Regardless. For a very cheap ARM based server, this seems good. It would be worthwhile to compare to an intel setup.
Does this apply to real world needs? Well, I tweeted to @gruber asking what were his daringfireball stats the other day and he was kind enough to respond back with a set of 24 hour stats from his site which is one of the more popular blogs out there. I don’t know that he uses wordpress but regardless. He responded with this:
Presuming an evenly distributed number of requests over an hour allowing us to divide by 3600, during the busiest hour 15815, yields ~4.4 requests a second. Seems like this setup would be able to do that.
Update #1: Doing a little digging around last night, I discovered in the 400 concurrent request range the kernel is throwing page allocation failures yet it’s not really out of memory yet. I’ve posted a question to the linaro-dev list about this to which Andy Green mentioned it might be related to a problem observed on the Raspberry Pi which seems to involve the ethernet driver. Stay tuned.

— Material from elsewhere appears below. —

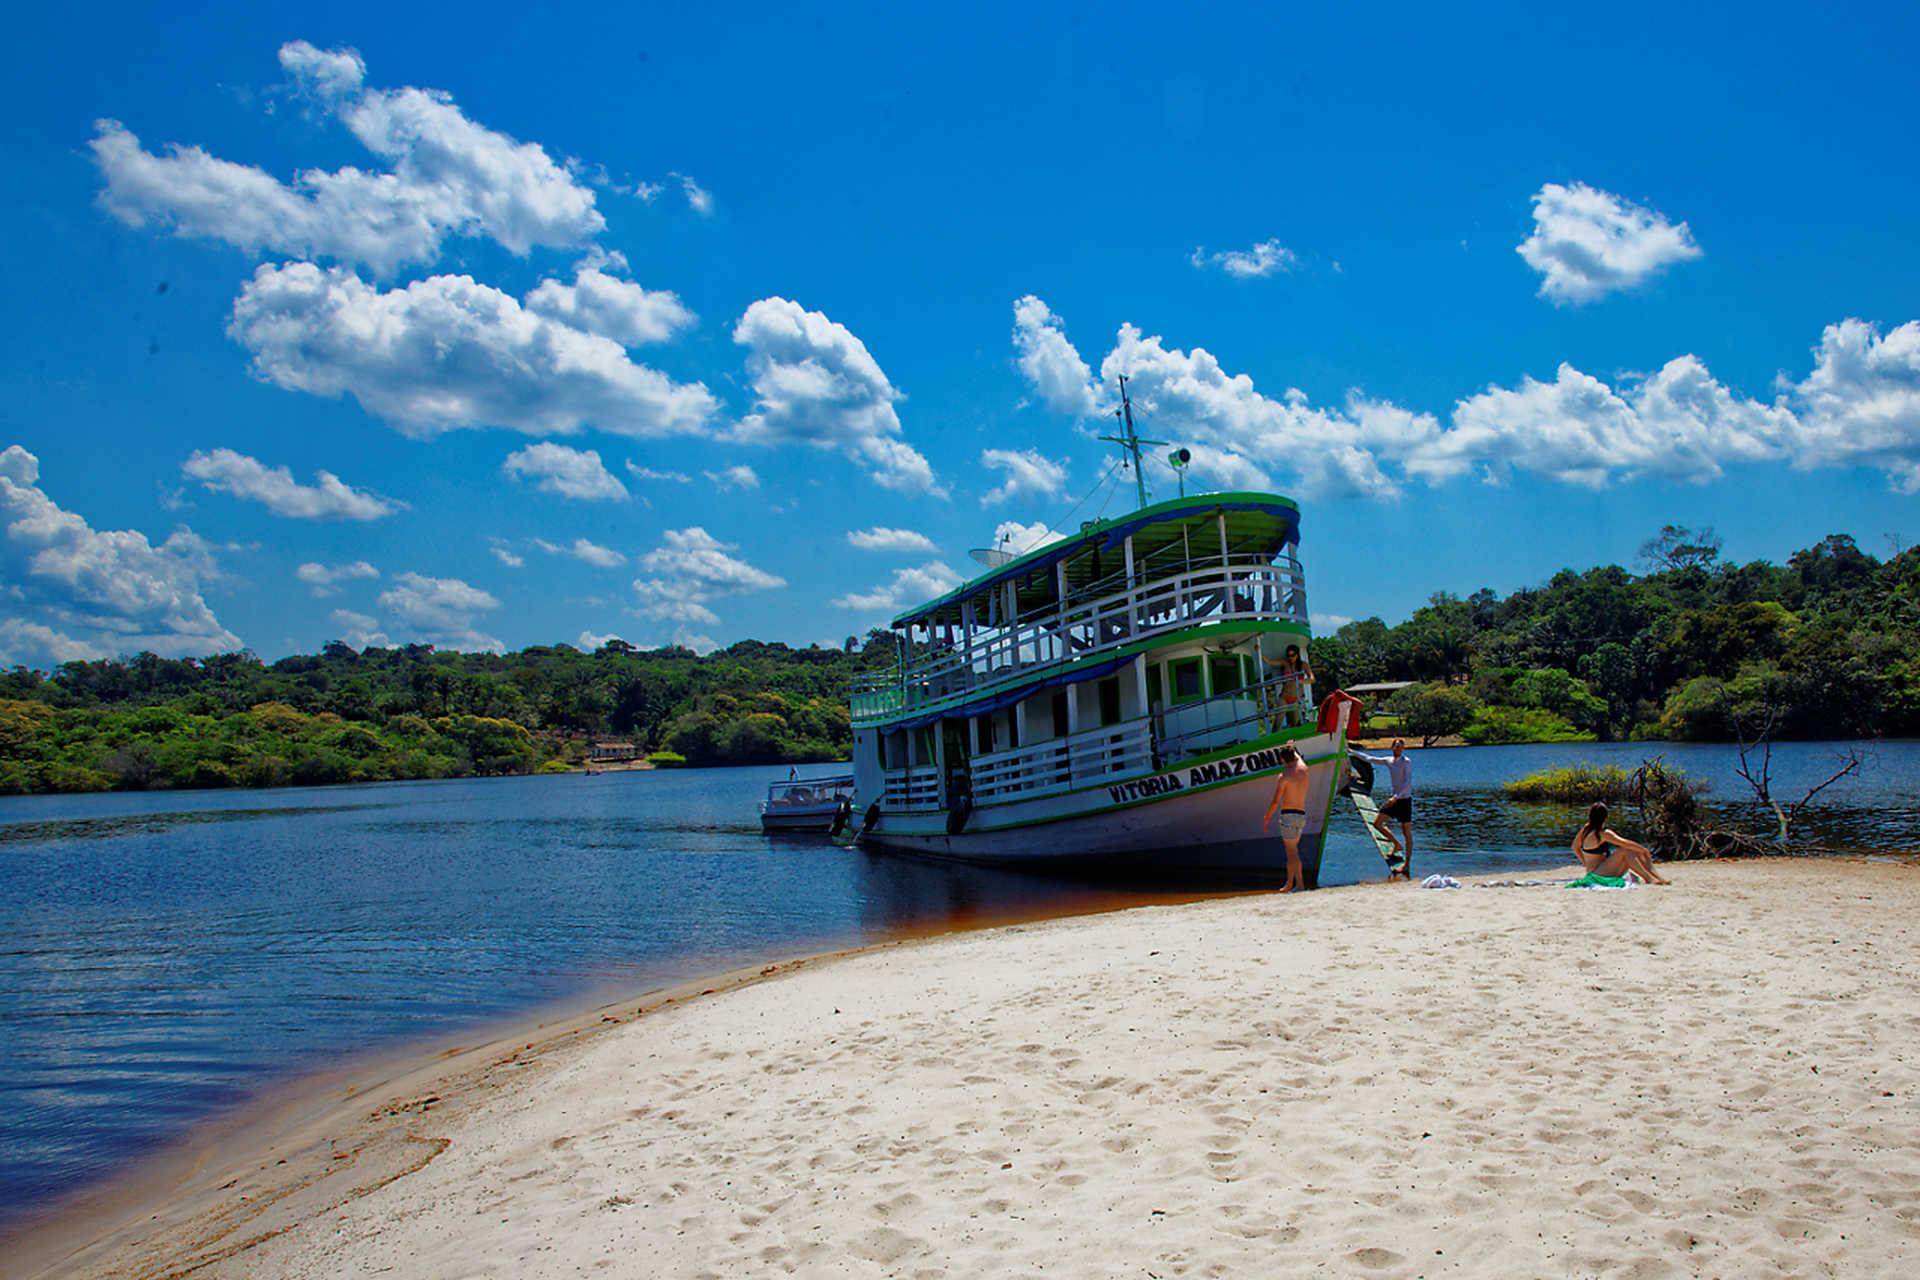 croisière Amazonie, Manaus, Rio de Janeiro, Ilha Grande

Just to make sure… Are the stats for daringfireball requests or visitors ? Stats software often reports visits and unique visitors, so if that’s the case, the number of requests/hits (is hit the same as request?) would be much higher.
That’s a good question. On the right hand side of that chart, those are unique visit counts. While on the left it’s a count of visits. It is unclear to me if the number of page hits per vistor per session are combined in some fashion. Given the way John constructs his site, the average reader is more likely to just read the front page which includes the past couple of days of posts rather than comb through past archives. Regardless this is conjecture. I’ll see if John might comment.
The next steps are as I see it are to do some profiling and to get to the bottom of the ethernet driver issue.